** Opening Provided material block **
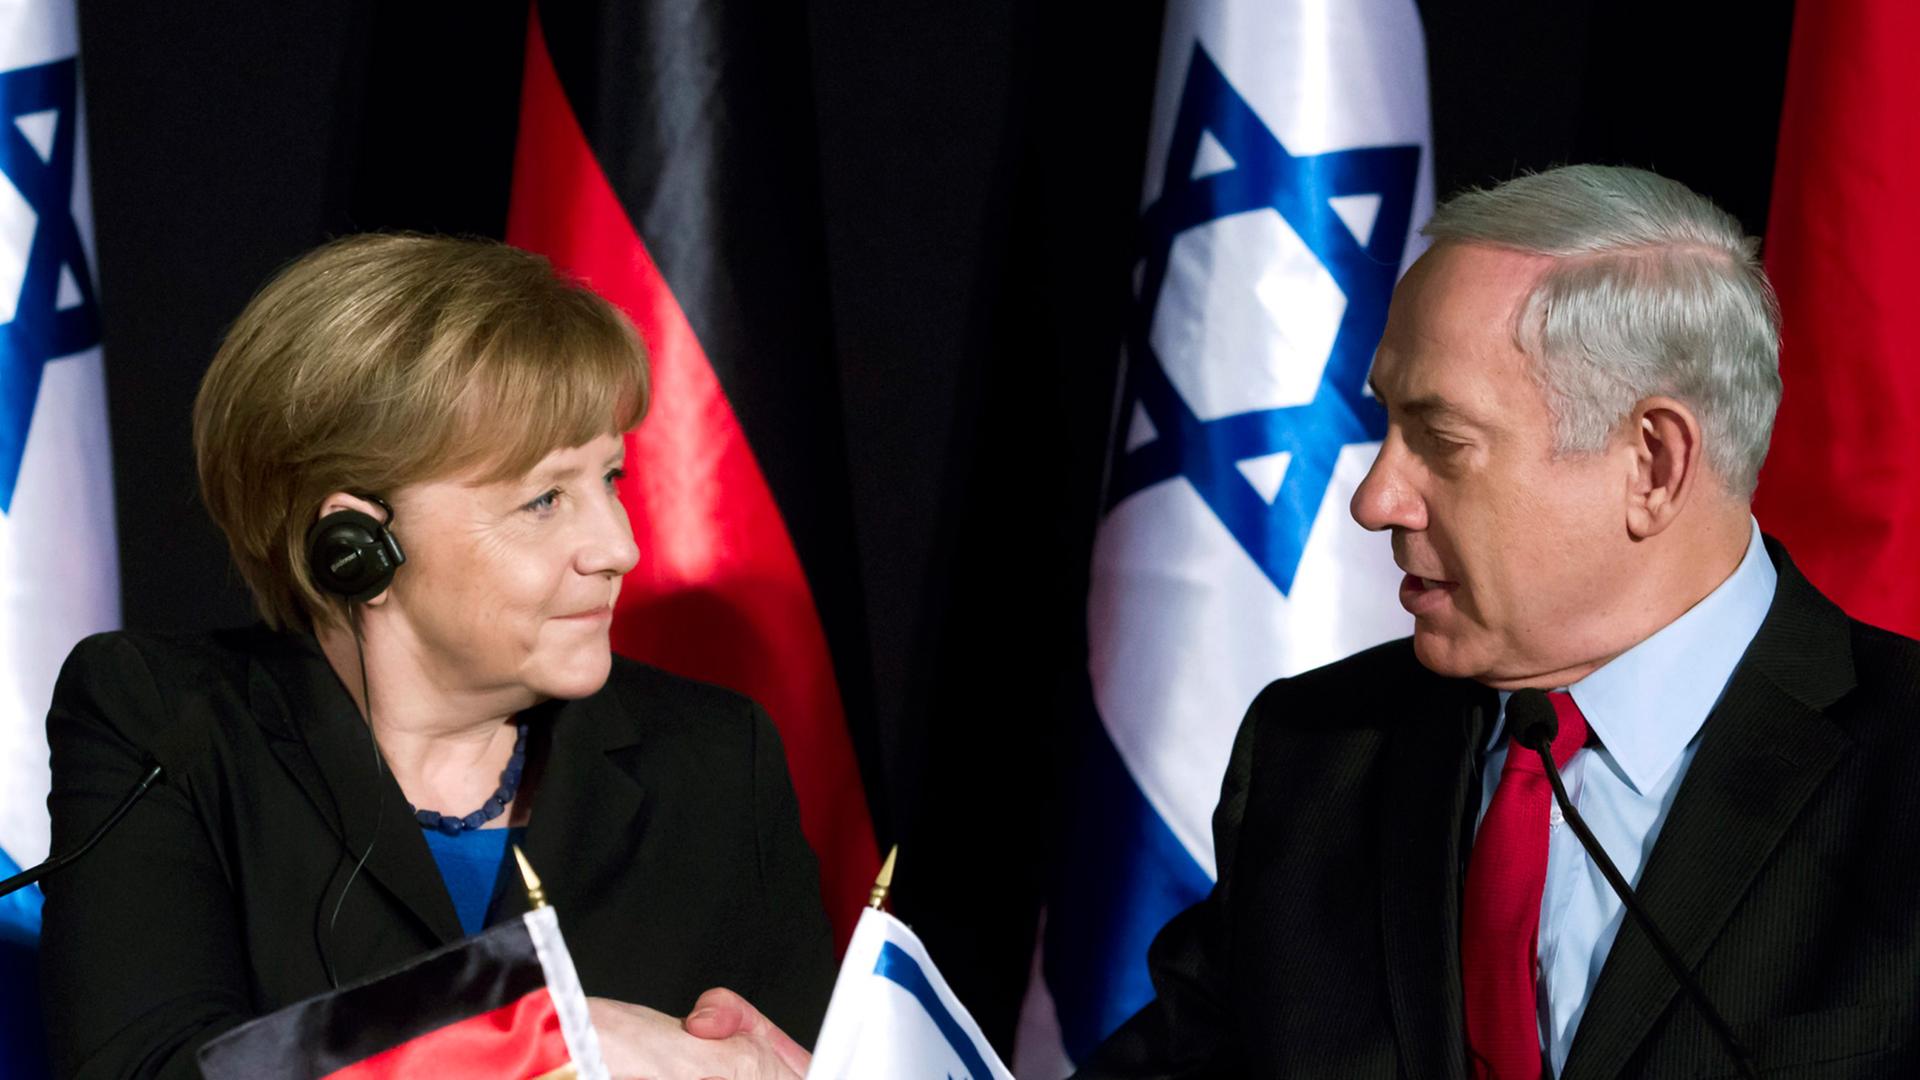 Bundeskanzlerin Angela Merkel und Benjamin Netanjahu schütteln die Hand.
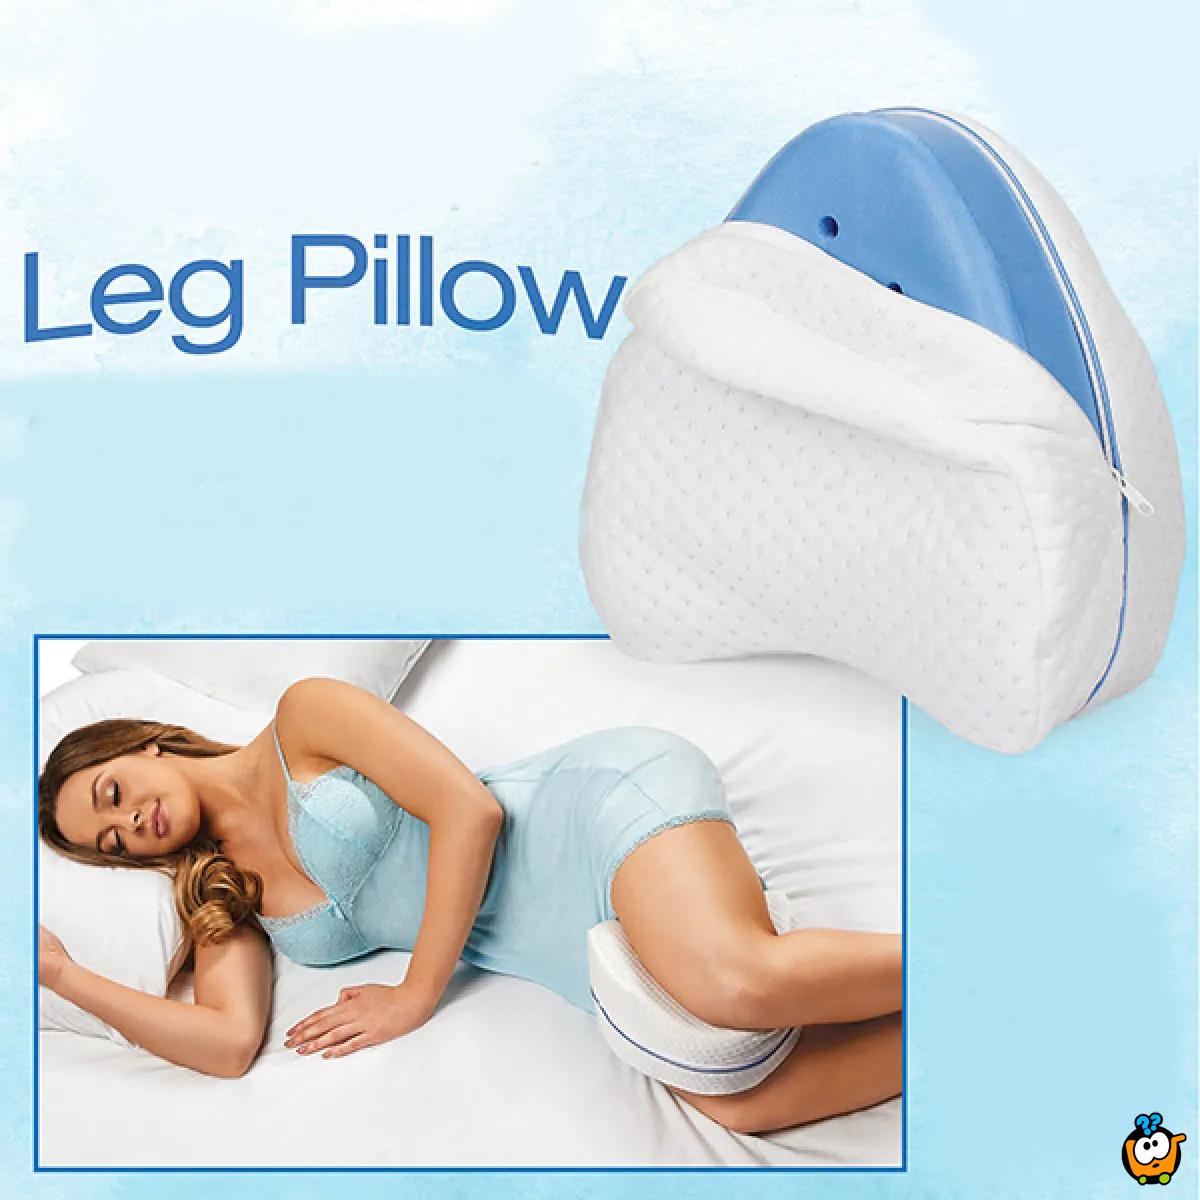 Leg Pillow - Memory jastuk za noge od memorijske pene
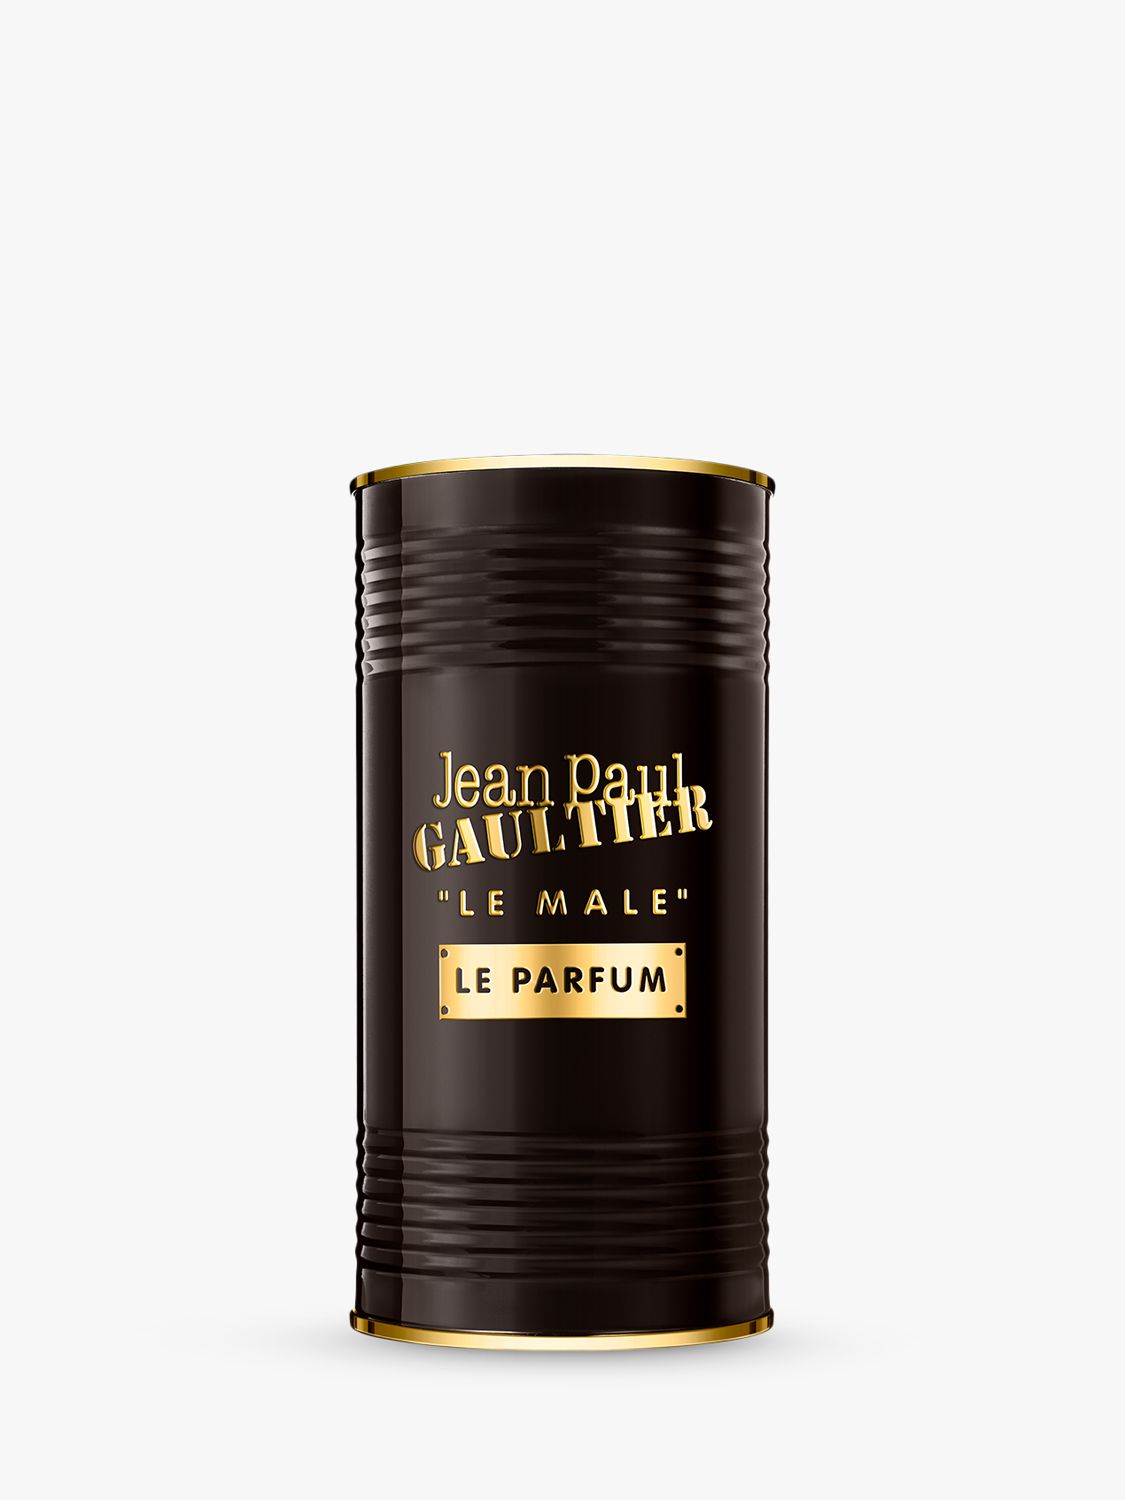 Jean Paul Gaultier Le Male Le Parfum, 75ml
** Closing Provided material block **
[Your assignment]: Write out every line above exactly, minus images.

[Result for this exercise]:
 Bundeskanzlerin Angela Merkel und Benjamin Netanjahu schütteln die Hand.
 Leg Pillow - Memory jastuk za noge od memorijske pene
 Jean Paul Gaultier Le Male Le Parfum, 75ml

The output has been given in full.